Investment is a difficult discipline but there lies some very simple tenets at its heart. One of these is that the more you pay for an investment, the lower the return. As we approach the final stages of this long bull market, profits are approaching a cyclical peak and investors are paying a hefty multiple for these earnings.
It is common in late stages of bull runs for 'market darlings' to emerge. These stocks seemingly are impervious to rain or shine and behave magically as both performance drivers and havens for investors during market corrections. That is, until one day, they don't, often sounding the death knell for the bull market.
This cycle seems no different as once again tech stocks have taken the mantle as glamour stocks. Of the world's 10 largest listed companies, 6 are technology based (it seems a bit churlish to describe Amazon as a Consumer Discretionary as technically classed). Over 20% of the S&P 500's market cap is accounted for by technology businesses and the broader US whole market index is almost a quarter weighted in technology.

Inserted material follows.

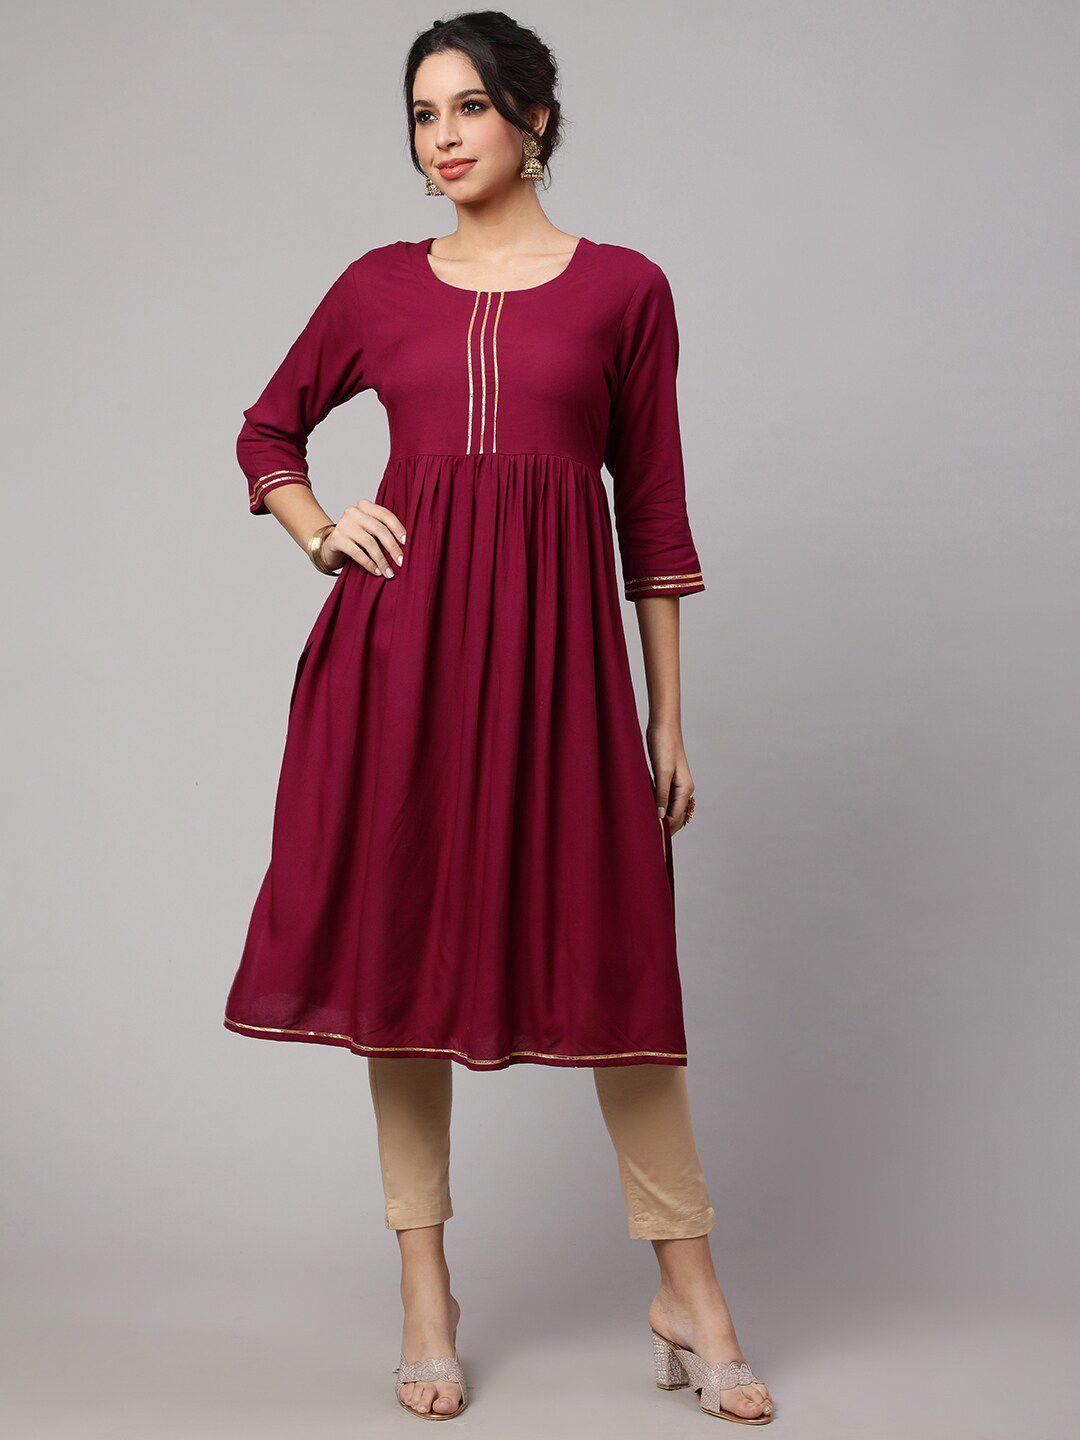 kalini maroon fit & flare dress

Rather sadly, the tech sector represents a whole 0.9% of the UK market. Things are not much better in Europe. The largest European tech company, SAP, is ranked a mere 73rd in the global index. Indeed, the market cap of the US FAANGs and Chinese BATs now exceeds the entire market cap of continental Europe.
Tech has been outperforming for many years but in recent months it has been on a tear.
With the market caps of so many of these companies already deep into the stratosphere, how much longer can they drive market momentum?